Jones's start in the music business had a lot to do with his image and his looks. In 1965, American filmmakers Bob Rafelson and Bert Schneider made a move to cash in on the success of the Beatles' black-and-white musical comedy A Hard Day's Night, and Screen Gems ran an ad in California trade mags looking for a screen-friendly boy band.

Jones, a Manchester, England native born in 1945 who'd appeared on The Ed Sullivan Show and had bit roles on American TV shows, was on the short list for the act. Because his short stature made his face hard to capture behind a drum set, he was assigned the role of lead singer and backup guitarist.

From 1965 to 1971, Jones joined Mickey Dolenz, Peter Tork and Mike Nesmith (the only one who had legitimate musical training before the creation of the outfit) as a member of the Monkees. From 1966 to 1968, the act's syndicated TV show morphed slapstick comedy and antics with radio-friendly pop, music that didn't shy away from its debt to the Beatles' harmonics, melodies and song structures.

The Monkee's efforts weren't all commercial and poppy. The show featured cameos by contemporary artists like Frank Zappa; the band's psychedelic 1968 comedy head included creative input from a young Jack Nicholson.

As the heartthrob lead singer, Jones offered the ideal blend of syrupy vocals and good looks, taking the lead on tunes like "Daydream Believer" and "I Wanna Be Free." His British diction clear, Jones added a level of authenticity to the Monkees' act, an exoticism and foreign charm that made the act more than a cheap American Beatles knock-off.

While the cancelation of the TV show in 1968 took the steam out of the act's pop culture prominence, Jones stuck with a career in music. Various incarnations of the band persisted beyond the TV show, and eventually, tribute acts would endure decades later (Tork, Jones and Dolenz hit the Paramount Theatre in Denver last year for their 45th anniversary show). What's more, Jones took part in the short-lived Dolenz, Jones, Boyce & Hart act of the late '60s, and kept busy with theater roles and film cameos well into the 2000s.
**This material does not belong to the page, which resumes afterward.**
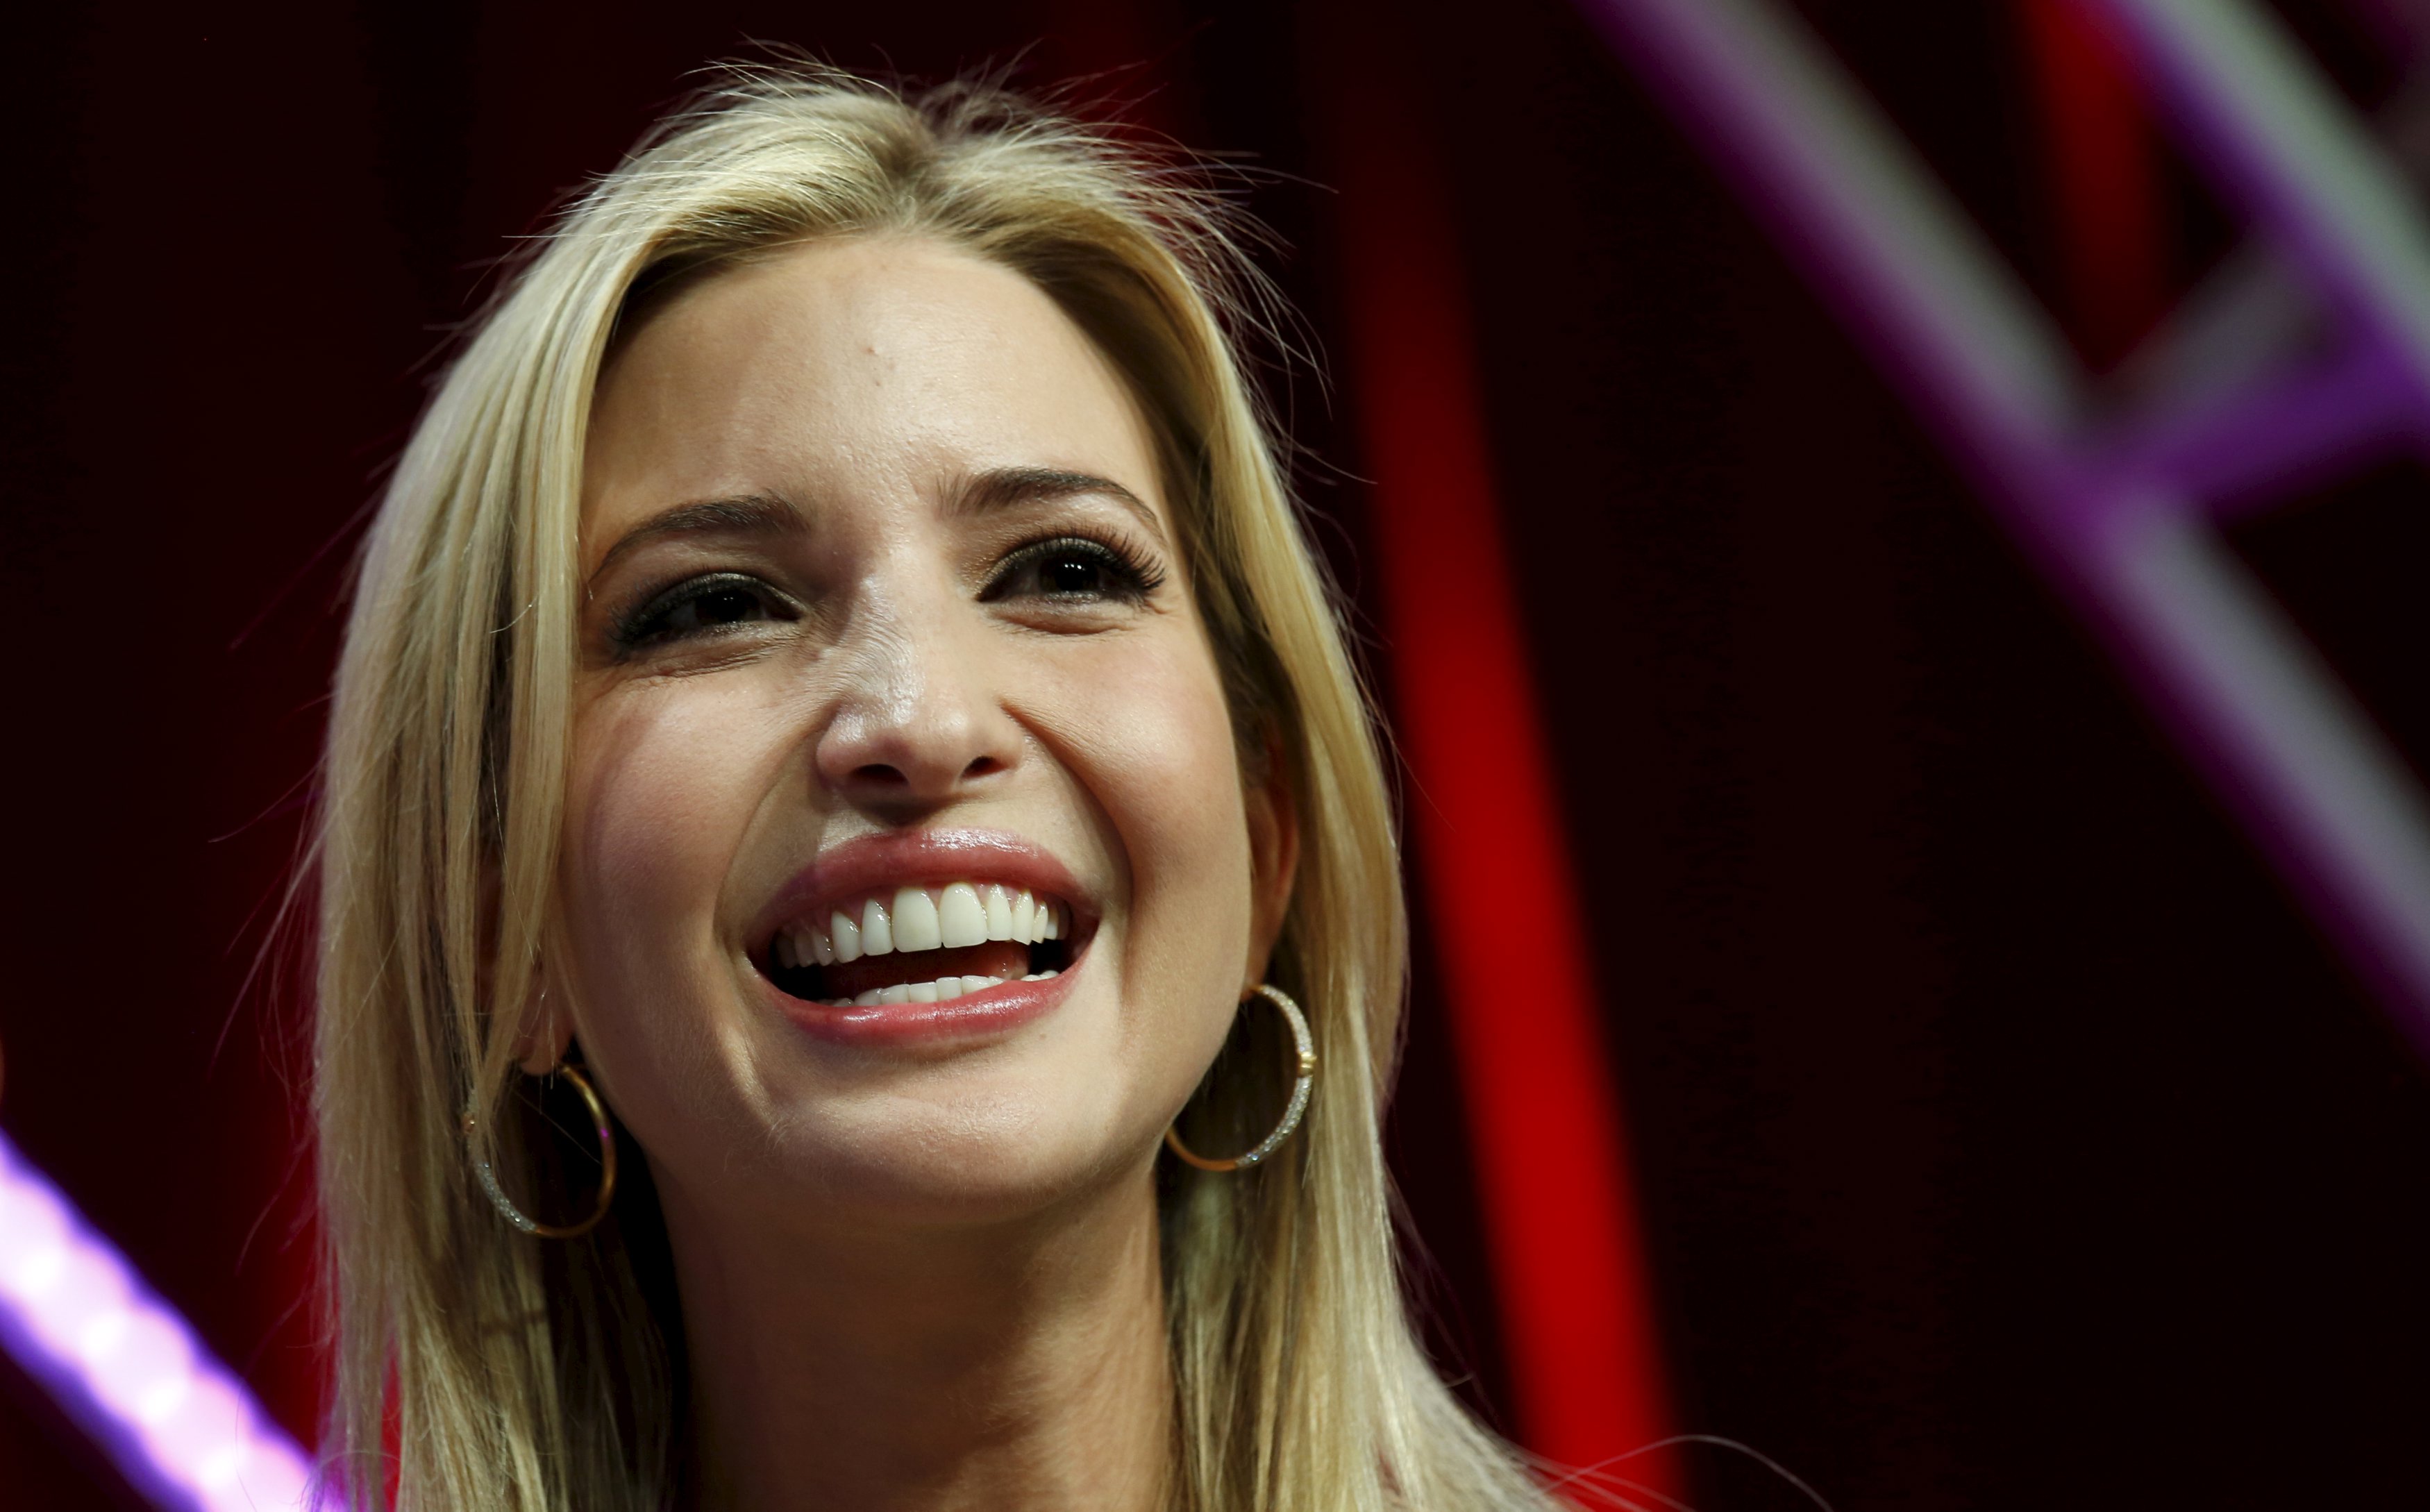 Ivanka Trump, daughter of Republican presidential hopeful Donald Trump and Founder and CEO of Ivanka Trump Collection, smiles while being interviewed at Fortune's Most Powerful Women's Summit in Washington October 14, 2015. REUTERS/Kevin Lamarque
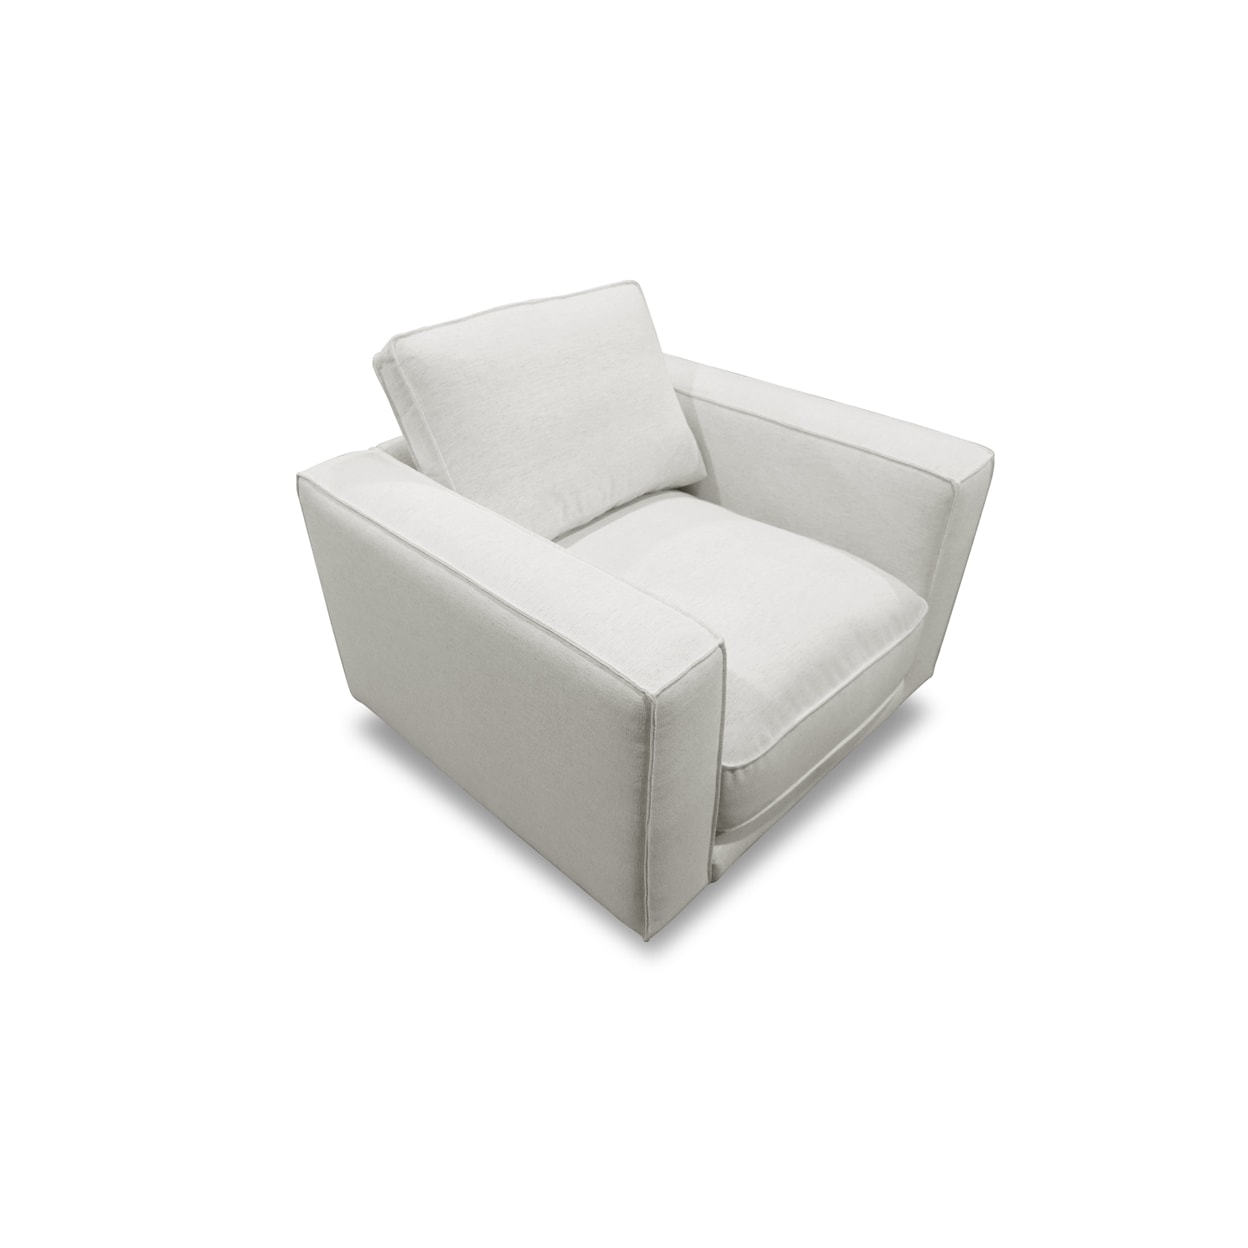 K.C. Kyren with Crypton Home Performance Fabric Swivel Chair

It's easy to write off the efforts of Jones and his fellow band members as vacuous pop, an easy knock-off of the significant artistic output of the Beatles. But Jones and his peers carved out a niche that's still vibrant and profitable. The countless pop acts churned out of Disney shows are direct descendants of the Monkees' successful formula. What's more, tunes like "Last Train to Clarksville" and "I'm Not Your Stepping Stone" penned by nameless studio musicians captured the sounds and contours of the time, and proved to be durable pop rock chestnuts.

More importantly, Jones's music served as a bridge for the young TV viewers of the 1960s, a gateway to the source material of the Beatles. Children of the '80s experienced a similar phenomenon when the Monkees reruns hit Nickelodeon. And even now, more than four decades after their initial introduction, the songs are still catchy, the production is still charming in its own 1960s, poppy way.